I have never been in a situation like this but assume it is fairly chaotic. Some of the insurgents will be local, some from further afield and if the engagement is in a town or village will include a whole spectrum from completely uninvolved through sympathisers, non combatant supporters, lookouts, fighters and their commanders. I assume they all get rounded up and all claim innocence then what? How many were just in the wrong place at the wrong time and if they are not going to get a hearing then how can they escape the nightmare? This war (if that is what it is) is already as long as WWII as far as I can see very few of those interned have any kind of evidence against them that could stand up in a court of law. Most seem to have just been released despite serving hundreds of man/years between them.
In the UK we had a whole spate of IRA miscarriages of justice releases and apologies for fabricated evidence against individuals who the police 'knew' were guilty but could not provide evidence. With the public baying for blood and their superiors for convictions, they just helped the cases along. This is very understandable given the circumstances at the time, but also very wrong.
As you may have gathered I am not inclined to give the authorities the benefit of the doubt and am much more frightened of tyrannical governments than terrorists.
Flatland's Response to Insurgency
1. Country Study.
We have some of the picture of Village X, and of some Ps moving toward higher-level CIF; but we need a bit of background for our fairy tale.

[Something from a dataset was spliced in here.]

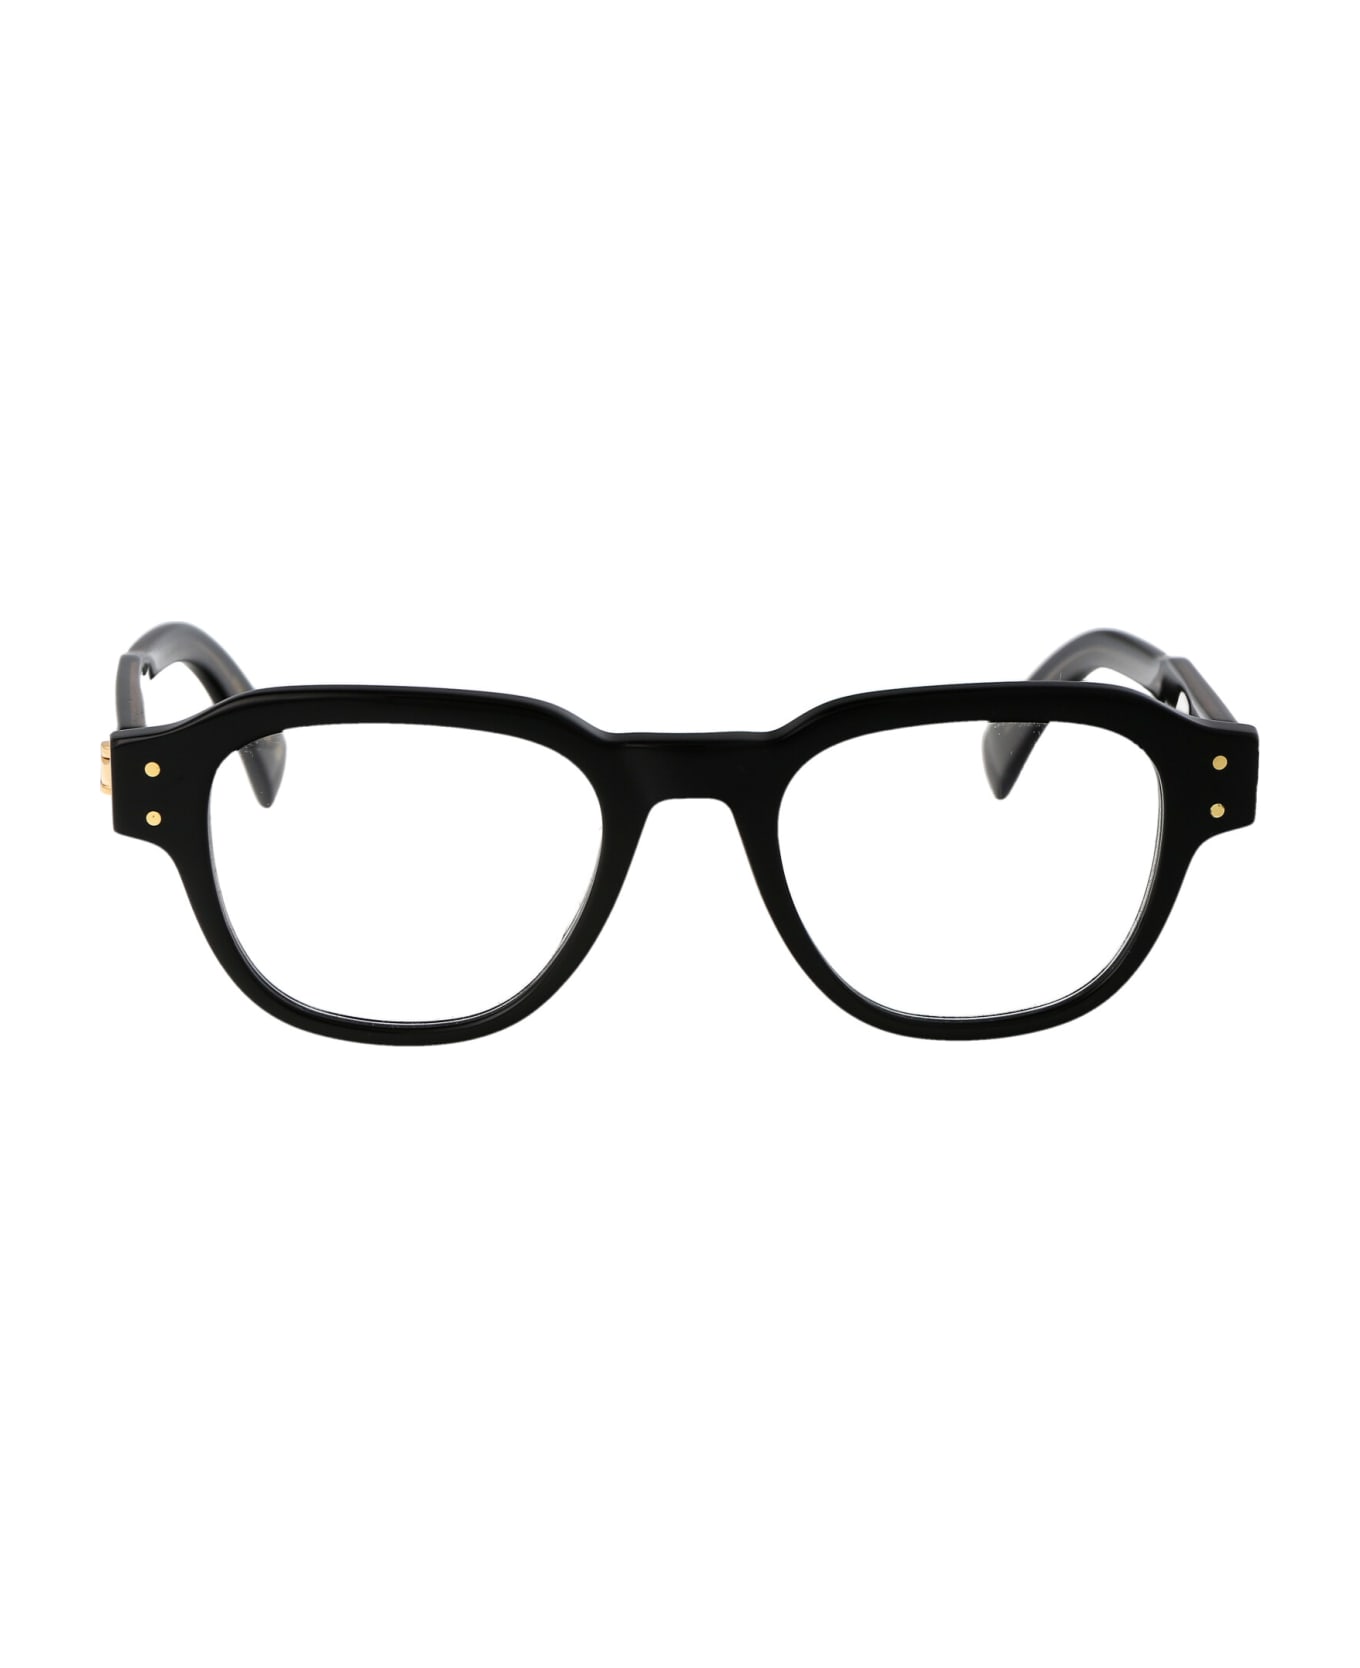 Dunhill Du0048o Glasses - 001 BLACK BLACK TRANSPARENT

Village X is located in the independent nation of Flatland. That name from the 1884 math "sci-fi" book which describes the culture of a 2-dimensional world.
http://en.wikipedia.org/wiki/Flatland
Flatland's government is strongly "libertarian" (but still has a military). The insurgency is strongly "statist". Thus, they are 180 degrees out of phase on the "diamond test".
http://www.theadvocates.org/quiz.html
The insurgency has an ideological cause supported by many arguments. The incumbancy has a ideological counter-cause also supported by many arguments. The majority of Flatlanders are political sheep. For present purposes, there are no external "Powers" or "Parties" involved in the conflict.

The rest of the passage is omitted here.